The annual Forum of the SADC Ruling Parties, organized by the Central Party School of FRELIMO and the Friedrich Ebert Foundation Maputo Office, looked this year at the economic and social underpinnings of increasing public protests in Southern Africa. Party representatives from Angola, Botswana, Madagascar, Mozambique, Namibia, South Africa, Tanzania, Zambia and Zimbabwe shared their experiences and analysis of the current challenges and discussed with academics and activists possible solutions to restore the trust in parties and political institutions throughout the region.
The impressive growth figures between 1995 and 2015, much hyped as “Africa rising”, did not lead to significant development in Southern Africa. The analysis showed that poverty, unemployment and inequality in Southern African countries rather worsened or at best remained the same. Public protests often represent expressions of collective grievances over unmet expectations of citizens with public services delivery.

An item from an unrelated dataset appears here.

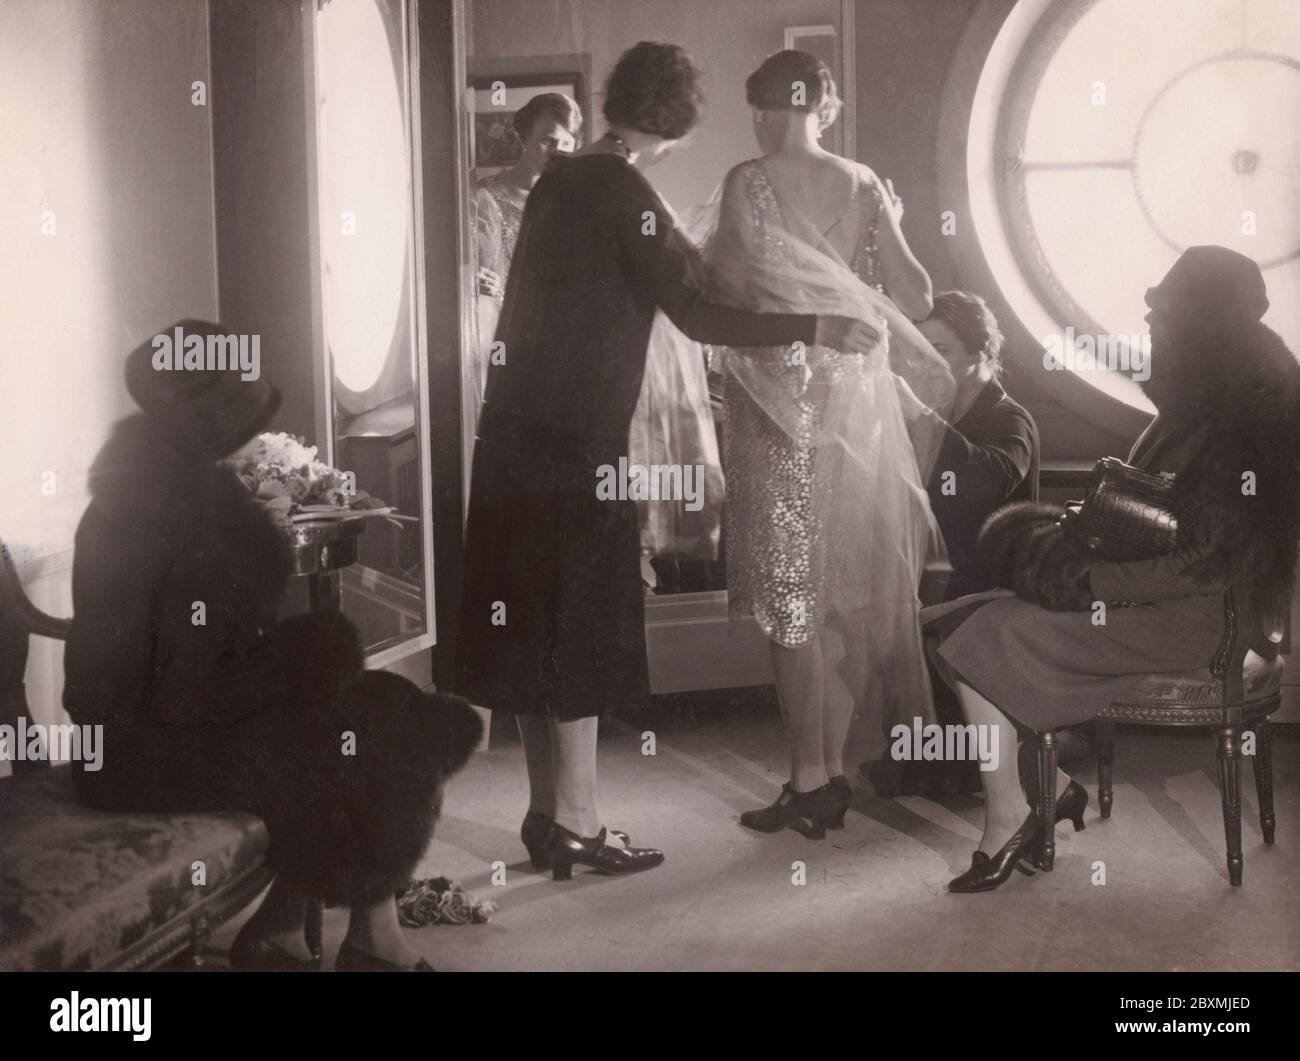 Zurück in den 1920er Jahren. Im Kaufhaus NK in Stockholm steht eine Frau vor einem Spiegel und versucht, ein Kleid anzuziehen. Zwei Frauen des Personals passen die Details an, damit sie perfekt passen. Vielleicht ein Kleid für eine Feier oder eine Party, es sind die wilden Zwanziger schließlich. Stockfoto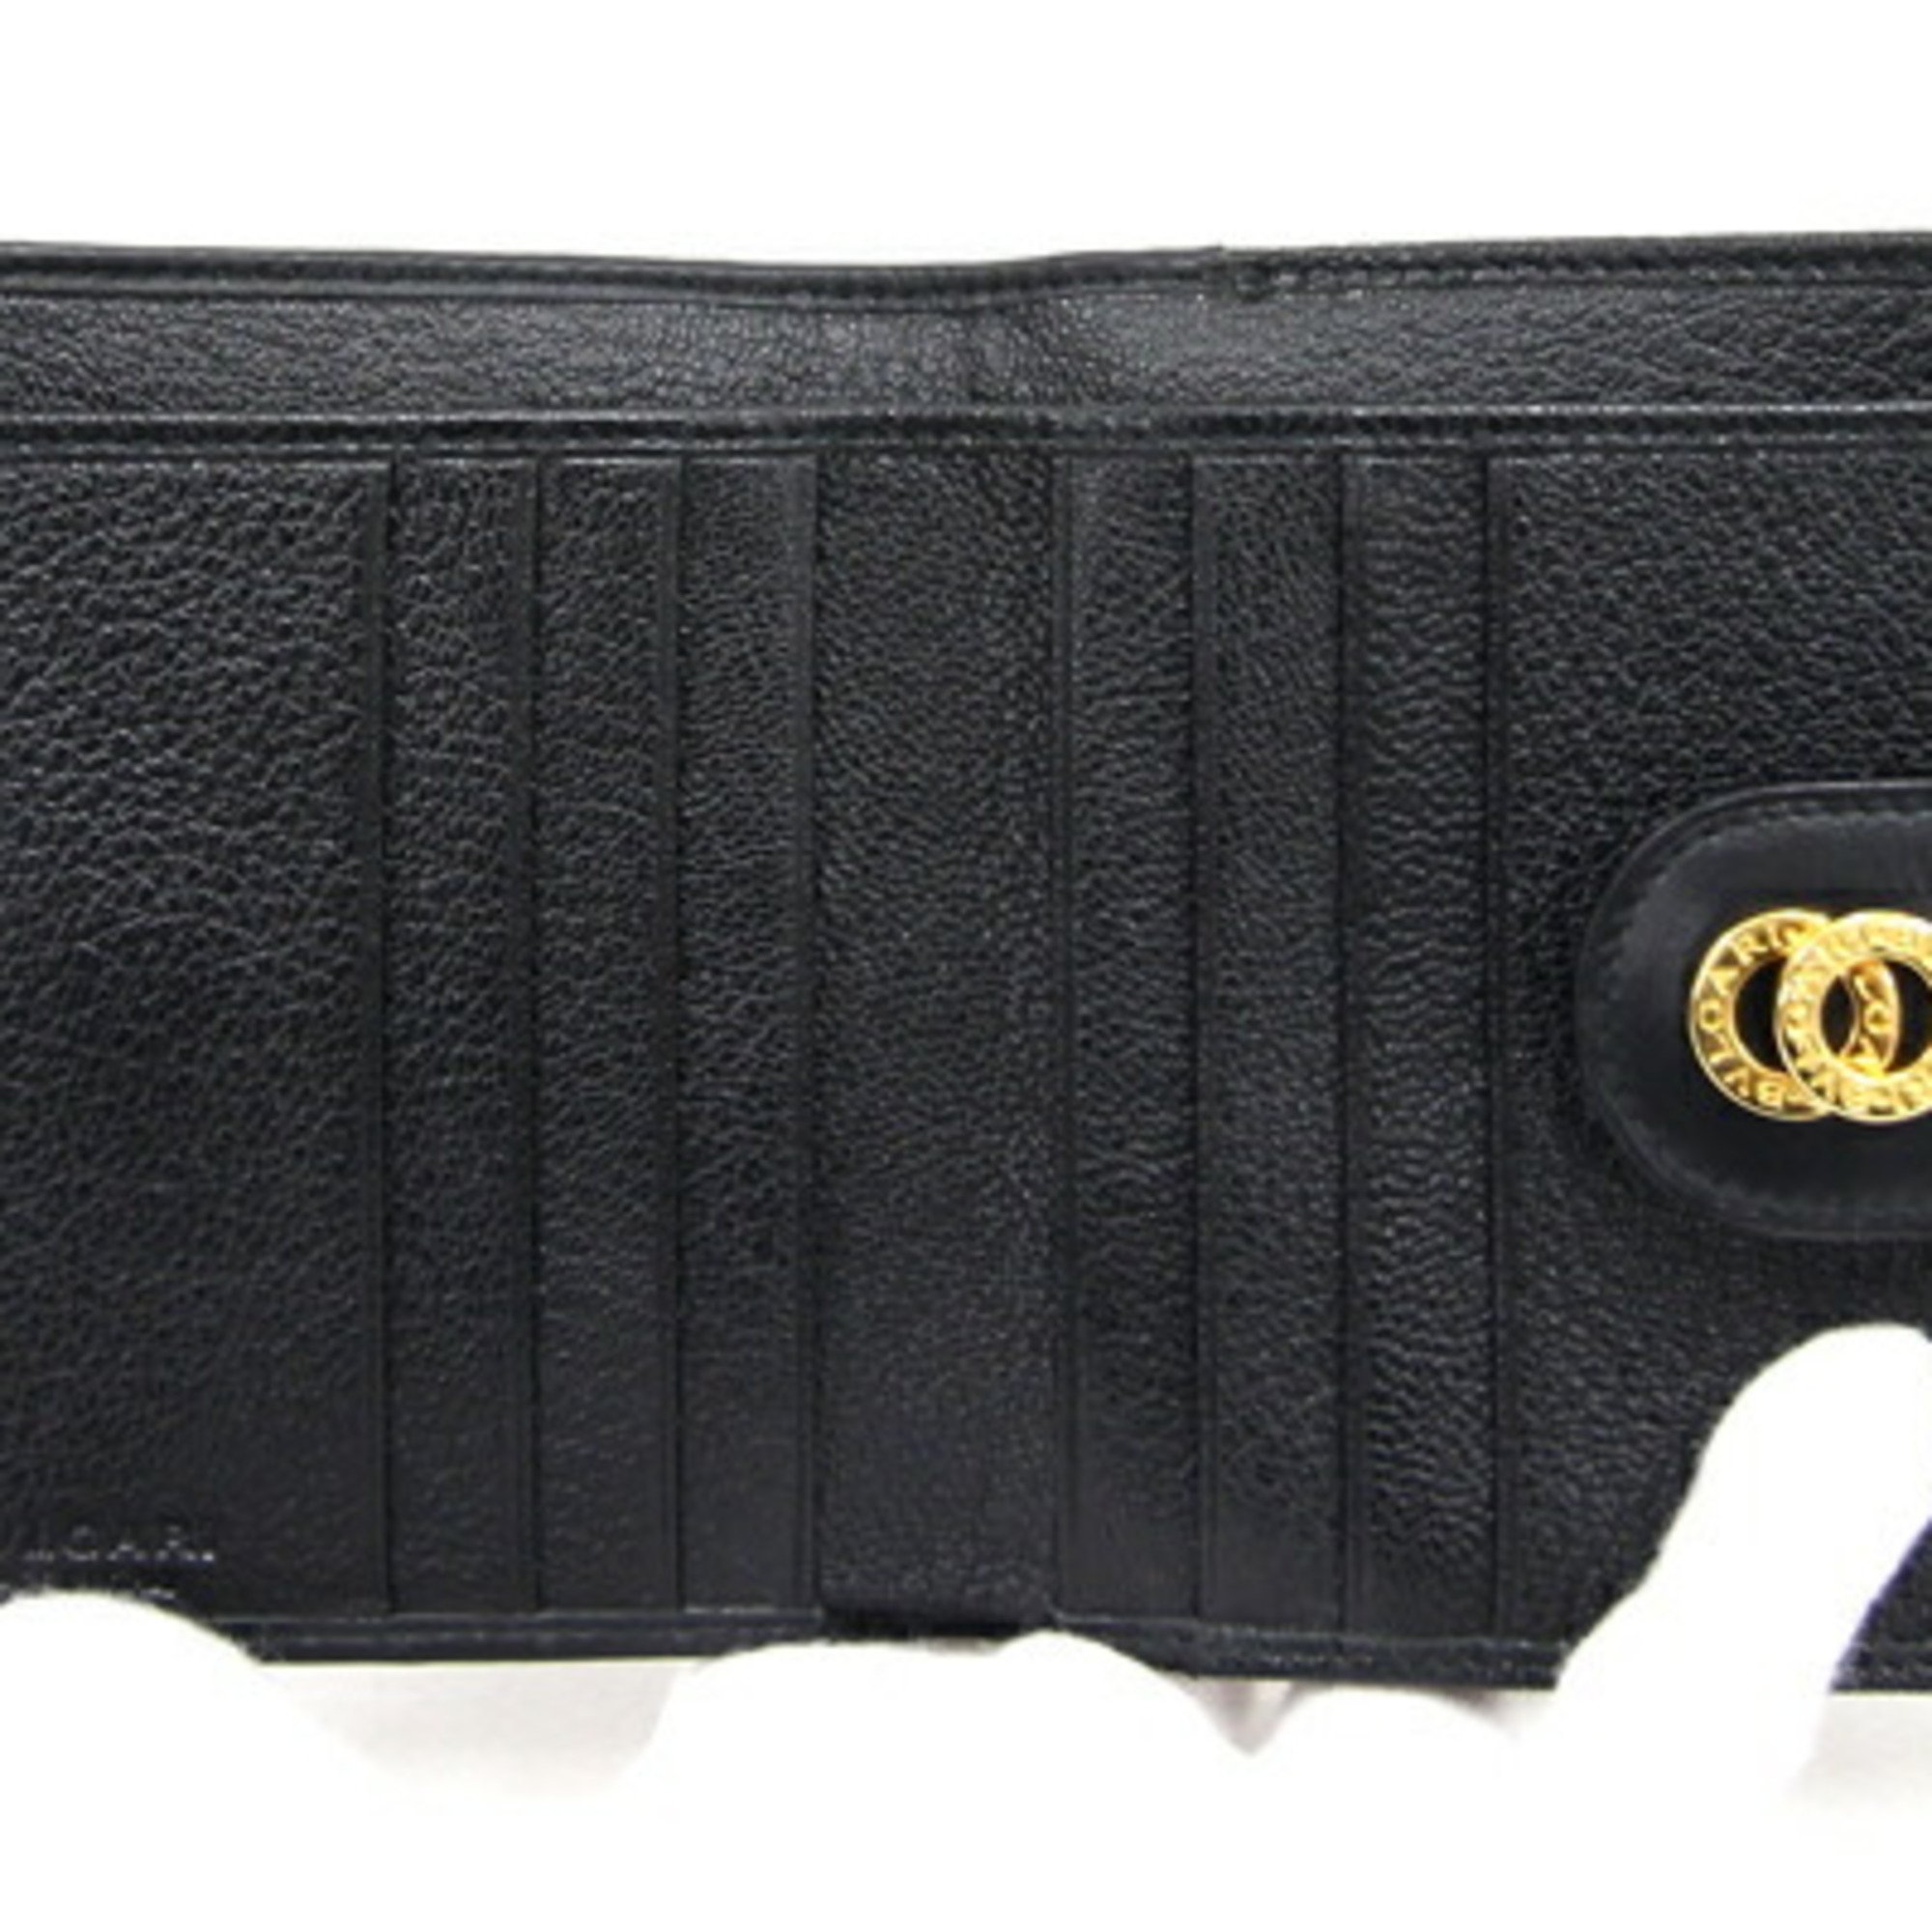 BVLGARI W Wallet Doppio Tondo 26203 Black Leather Compact Folding Women's

They also voice the growing demand of citizens to actively shape their social and political environments, to fight for dignity, social justice and a decent income.
A broader public dialogue, less centralized decision-making processes and intergenerational renewal inside political parties have been identified as important challenges to better respond to the citizens` real concerns and regain the voters` trust. The open and frank dialogue with academics and activists during the Forum has been seen as a great value by the political representatives. As one participant resumed: “Only if we get mirrored where things don`t work, we can change and come up with better and more inclusive solutions for a people centred development.”